跨迭代移动不可复制的结构

时间:2017-03-05 16:10:18

标签: rust

我正在尝试访问for循环内的变量。我无法在结构上实现Copy,因为它包含String。我如何在迭代中使用变量?

编译时出现错误E0382。当我查看Rust文档中的错误时,他们提到使用引用计数来解决问题。这是我个案中唯一的解决方案吗?

#[derive(Clone)]
struct InputParser {
    args: Vec<String>,
    current: String,
    consumed_quote: bool,
}

impl InputParser {
    pub fn parse(input: String) -> Vec<String> {
        let parser = InputParser {
            args: Vec::new(),
            current: String::new(),
            consumed_quote: false,
        };
        for c in input.chars() {
            match c {
                '"' => parser.consume_quote(),
                ' ' => parser.consume_space(),
                _ => parser.consume_char(c),
            }
        }
        parser.end();

        return parser.args;
    }

    pub fn consume_space(mut self) {
        if !self.consumed_quote {
            self.push_current();
        }
    }

    pub fn consume_quote(mut self) {
        self.consumed_quote = self.consumed_quote;
        if self.consumed_quote {
            self.push_current();
        }
    }

    pub fn consume_char(mut self, c: char) {
        self.current.push(c);
    }

    pub fn end(mut self) {
        self.push_current();
    }

    pub fn push_current(mut self) {
        if self.current.len() > 0 {
            self.args.push(self.current);
            self.current = String::new();
        }
    }
}

我希望在parser循环的迭代中访问for

1 个答案:

答案 0 :(得分:4)

  

[我如何]跨越迭代移动[a]不可复制的结构

,至少不是琐碎的。一旦你将结构移动到一个函数,它就消失了。将其取回的唯一方法是将功能交还给您。

相反,您很可能希望修改循环内的现有结构。您需要使用可变参考:

use std::mem;

#[derive(Clone)]
struct InputParser {
    args: Vec<String>,
    current: String,
    consumed_quote: bool,
}

impl InputParser {
    fn consume_space(&mut self) {
        if !self.consumed_quote {
            self.push_current();
        }
    }

    fn consume_quote(&mut self) {
        self.consumed_quote = self.consumed_quote;
        if self.consumed_quote {
            self.push_current();
        }
    }

    fn consume_char(&mut self, c: char) {
        self.current.push(c);
    }

    fn end(&mut self) {
        self.push_current();
    }

    fn push_current(&mut self) {
        if self.current.len() > 0 {
            let arg = mem::replace(&mut self.current, String::new());
            self.args.push(arg);
        }
    }
}

fn parse(input: String) -> Vec<String> {
    let mut parser = InputParser {
        args: Vec::new(),
        current: String::new(),
        consumed_quote: false,
    };
    for c in input.chars() {
        match c {
            '"' => parser.consume_quote(),
            ' ' => parser.consume_space(),
            _ => parser.consume_char(c),
        }
    }
    parser.end();

    parser.args
}

fn main() {}

请注意,先前获取当前参数的方式将导致error[E0507]: cannot move out of borrowed content,因此我切换到mem::replace。
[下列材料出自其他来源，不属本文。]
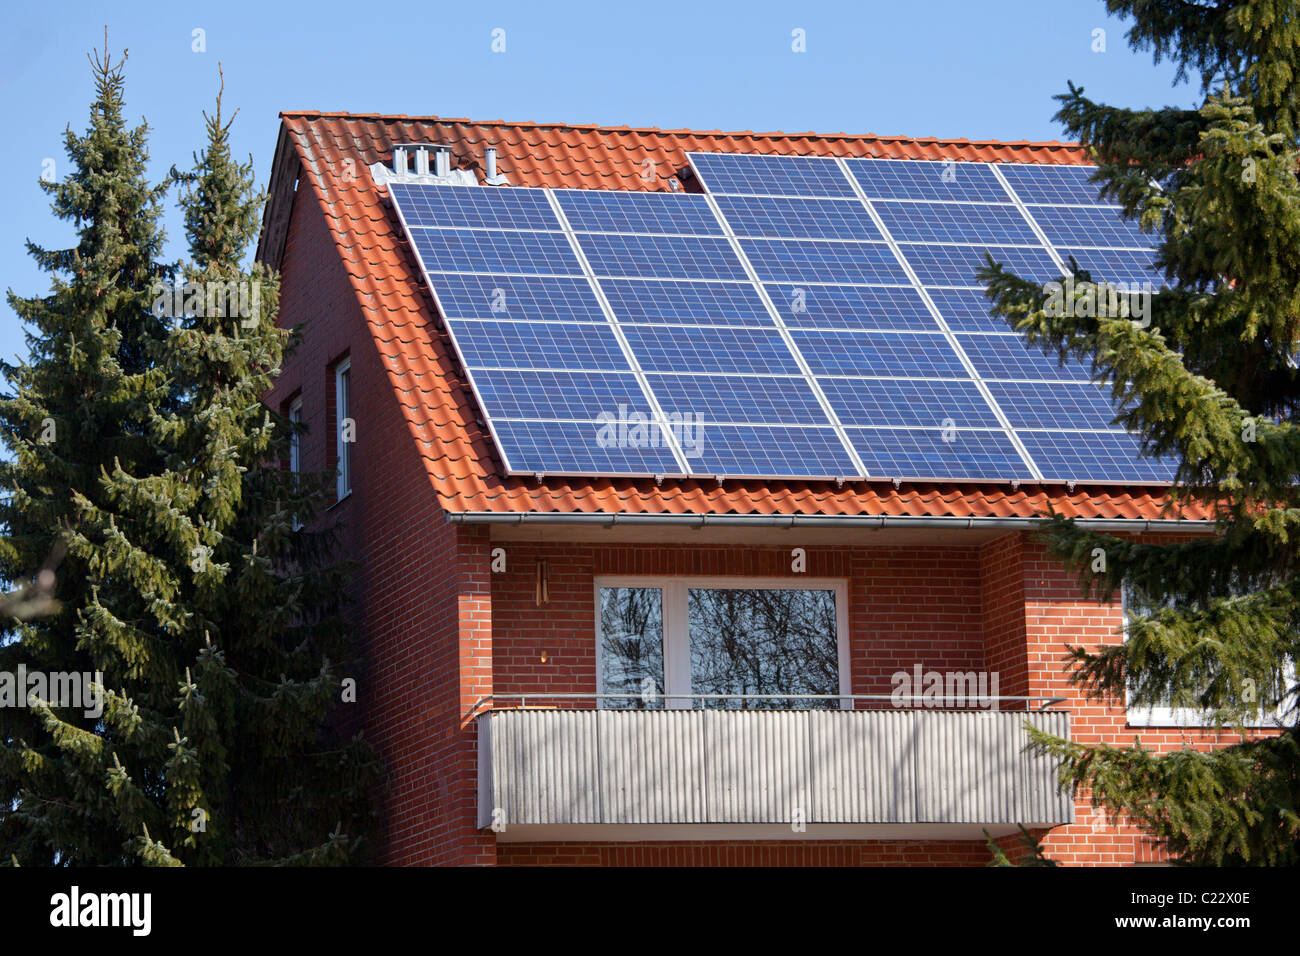 photovoltaics on a house roof, Lower Saxony, Germany Stock Photo

这可以防止self.current成为未定义的值(以前是)。

如果您真的想按值传递所有内容,则还需要按值返回。

#[derive(Clone)]
struct InputParser {
    args: Vec<String>,
    current: String,
    consumed_quote: bool,
}

impl InputParser {
    fn consume_space(mut self) -> Self {
        if !self.consumed_quote {
            return self.push_current();
        }
        self
    }

    fn consume_quote(mut self) -> Self {
        self.consumed_quote = self.consumed_quote;
        if self.consumed_quote {
            return self.push_current();
        }
        self
    }

    fn consume_char(mut self, c: char) -> Self {
        self.current.push(c);
        self
    }

    fn end(mut self) -> Self {
        self.push_current()
    }

    fn push_current(mut self) -> Self {
        if self.current.len() > 0 {
            self.args.push(self.current);
            self.current = String::new();
        }
        self
    }
}

fn parse(input: String) -> Vec<String> {
    let mut parser = InputParser {
        args: Vec::new(),
        current: String::new(),
        consumed_quote: false,
    };
    for c in input.chars() {
        parser = match c {
            '"' => parser.consume_quote(),
            ' ' => parser.consume_space(),
            _ => parser.consume_char(c),
        }
    }
    parser = parser.end();

    parser.args
}

fn main() {}

我认为这会使API在这种情况下客观上更糟。但是,您会在构建器中经常看到此样式。在这种情况下,方法往往被链接在一起,因此您永远不会看到对变量的重新分配。